◆ TASK OBJECTIVE
Output exactly the lines below, starting with the line that has "My shipping is" and going on through the line that has "Easy Thanksgiving Side", both included, and no other lines.

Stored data

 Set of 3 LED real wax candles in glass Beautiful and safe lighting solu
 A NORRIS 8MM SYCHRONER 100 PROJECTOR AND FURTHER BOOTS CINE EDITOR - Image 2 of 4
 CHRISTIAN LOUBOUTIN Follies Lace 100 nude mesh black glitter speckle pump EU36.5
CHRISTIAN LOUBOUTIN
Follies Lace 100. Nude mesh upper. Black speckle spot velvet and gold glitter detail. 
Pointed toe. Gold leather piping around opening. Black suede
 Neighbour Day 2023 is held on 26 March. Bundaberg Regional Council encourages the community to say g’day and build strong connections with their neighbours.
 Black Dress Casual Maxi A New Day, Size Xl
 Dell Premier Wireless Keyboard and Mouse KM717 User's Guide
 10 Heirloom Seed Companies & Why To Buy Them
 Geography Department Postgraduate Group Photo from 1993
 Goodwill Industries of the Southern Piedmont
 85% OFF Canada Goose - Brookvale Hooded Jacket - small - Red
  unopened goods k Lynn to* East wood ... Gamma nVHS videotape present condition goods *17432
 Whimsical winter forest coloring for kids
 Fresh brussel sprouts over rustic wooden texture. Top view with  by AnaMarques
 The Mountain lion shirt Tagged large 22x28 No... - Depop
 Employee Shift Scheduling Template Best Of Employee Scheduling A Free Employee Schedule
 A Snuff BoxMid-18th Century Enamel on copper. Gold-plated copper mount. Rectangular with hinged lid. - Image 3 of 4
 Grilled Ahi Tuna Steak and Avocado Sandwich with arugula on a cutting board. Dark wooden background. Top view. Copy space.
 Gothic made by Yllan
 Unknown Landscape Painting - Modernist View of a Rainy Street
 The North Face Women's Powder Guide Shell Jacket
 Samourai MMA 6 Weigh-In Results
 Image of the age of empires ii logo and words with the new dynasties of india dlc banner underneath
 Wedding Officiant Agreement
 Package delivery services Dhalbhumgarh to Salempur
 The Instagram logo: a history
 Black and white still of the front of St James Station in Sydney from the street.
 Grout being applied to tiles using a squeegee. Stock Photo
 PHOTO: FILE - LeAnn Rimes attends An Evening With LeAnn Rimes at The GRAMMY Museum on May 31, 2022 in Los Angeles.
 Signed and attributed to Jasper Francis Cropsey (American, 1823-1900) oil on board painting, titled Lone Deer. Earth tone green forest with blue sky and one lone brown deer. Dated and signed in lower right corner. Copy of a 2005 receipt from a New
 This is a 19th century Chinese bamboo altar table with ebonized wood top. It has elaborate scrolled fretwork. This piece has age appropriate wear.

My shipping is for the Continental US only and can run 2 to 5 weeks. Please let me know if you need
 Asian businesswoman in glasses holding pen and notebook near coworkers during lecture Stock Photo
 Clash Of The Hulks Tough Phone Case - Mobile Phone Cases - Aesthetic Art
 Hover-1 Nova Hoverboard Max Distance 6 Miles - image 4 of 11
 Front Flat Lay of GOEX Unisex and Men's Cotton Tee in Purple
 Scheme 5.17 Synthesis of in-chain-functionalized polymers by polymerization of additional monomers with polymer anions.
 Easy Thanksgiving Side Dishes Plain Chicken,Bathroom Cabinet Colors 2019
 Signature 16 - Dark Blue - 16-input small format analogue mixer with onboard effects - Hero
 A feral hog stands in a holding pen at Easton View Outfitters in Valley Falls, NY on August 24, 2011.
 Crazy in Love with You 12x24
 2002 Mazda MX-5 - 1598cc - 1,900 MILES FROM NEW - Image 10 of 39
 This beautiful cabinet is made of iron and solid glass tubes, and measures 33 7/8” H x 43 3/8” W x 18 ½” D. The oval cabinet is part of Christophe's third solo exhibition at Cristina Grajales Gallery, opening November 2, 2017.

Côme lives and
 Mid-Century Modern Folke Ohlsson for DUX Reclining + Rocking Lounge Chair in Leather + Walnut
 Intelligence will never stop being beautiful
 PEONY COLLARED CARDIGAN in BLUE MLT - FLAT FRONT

◆ RESULT OF THE EXERCISE
My shipping is for the Continental US only and can run 2 to 5 weeks. Please let me know if you need
 Asian businesswoman in glasses holding pen and notebook near coworkers during lecture Stock Photo
 Clash Of The Hulks Tough Phone Case - Mobile Phone Cases - Aesthetic Art
 Hover-1 Nova Hoverboard Max Distance 6 Miles - image 4 of 11
 Front Flat Lay of GOEX Unisex and Men's Cotton Tee in Purple
 Scheme 5.17 Synthesis of in-chain-functionalized polymers by polymerization of additional monomers with polymer anions.
 Easy Thanksgiving Side Dishes Plain Chicken,Bathroom Cabinet Colors 2019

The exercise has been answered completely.